My prediction is that town centre shopping is becoming a leisure activity. For convenience, out of town or a shopping mall is easier; for price and choice, the internet wins. The places that are doing well combine interesting, niche retail with good quality arts and culture, decent public realm, local distinctiveness and a vibrant, varied cafe culture. Think North Laine in Brighton, or Lewes, or Seven Dials in London.
I predict smaller town centres becoming niche destinations, with high quality independents offering more than just traditional retail (bookshops with readings and signings and a book club; record shops with instore sessions and a monthly music club, for example). Pop-up shops will add variety to the mix, and some spaces will become semi-permanent spaces for temporary activity. Town centres will house more community activity, like festivals, street markets and fairs.
As for HMV; regardless of what it sells, it’s a miserable, soul-less place to shop. It’s not failing because of anything other than being a bad place to shop.
January 24th, 2011 at 10:59 am
Dan Thompson makes some good points in his reply. At the Local Data Company we are physically walking 800 towns and cities twice a year and have some great insight on this change. By 2012 we will be covering 2,000 centres. The reality is that shopping is changing and that retailers want large store formats to show their full offer, they want ease of access for logistics and minimal interference from the council! The result is that out of town in clusters with other strong multiples is the place to be or large edge/intown shopping centres! Add into this the growth of the internet to over 8% and supermarkets having c.40% of non food retail spend then you can see that the high street is the least attractive option both in terms of cost, footfall and clustering.

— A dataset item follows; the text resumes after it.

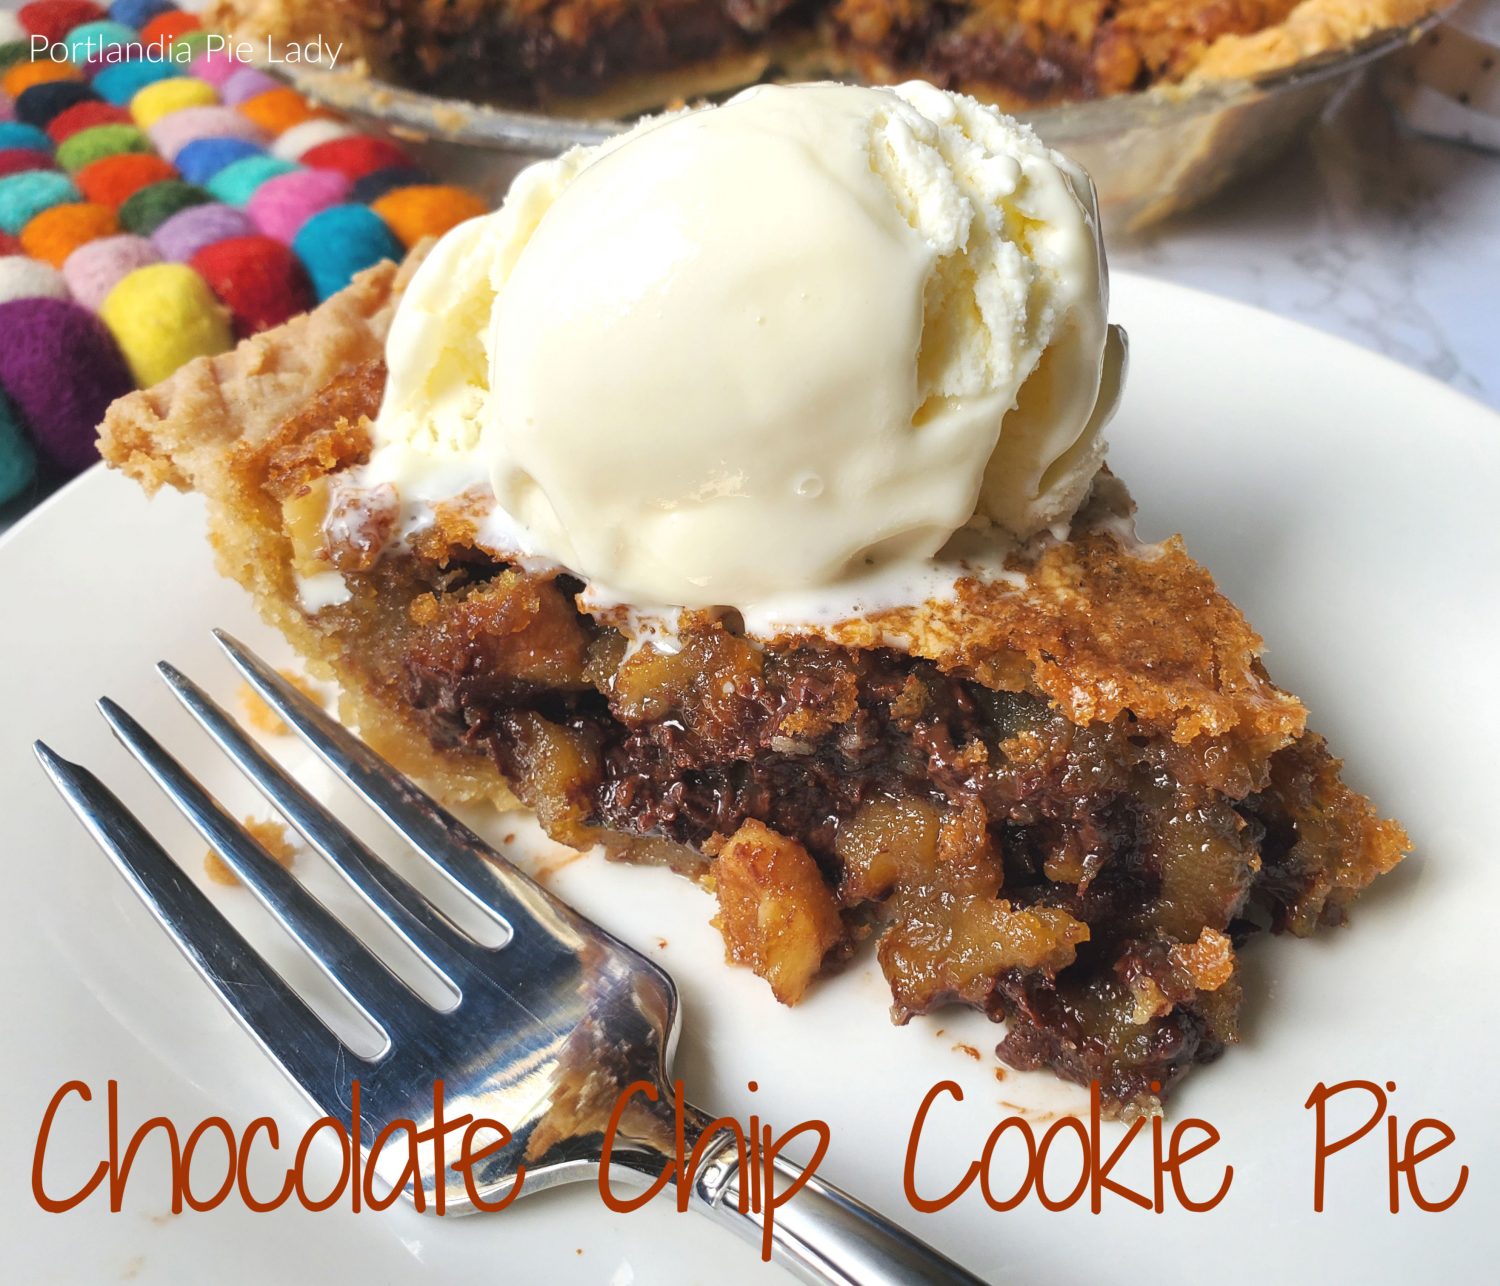 Gooey Chocolate Chip Cookie Batter Pie: Packed full of chocolate, walnuts, and a butter batter creating a gooey luscious filling and buttery flaky crust!

The OS data, whilst I question the detail based on addressing, shows what we see day in and day out. The lack of business rates relief has forced landlords to let their empty shops for anything upwards from covering their bills. This does create opportunities for small businesses in towns where their is sufficient affluence and consumer support to sustain them. Services, specialist independents and community are the future of the high street. More in-town residential provision and less restriction from councils on planning, parking and events will help massively.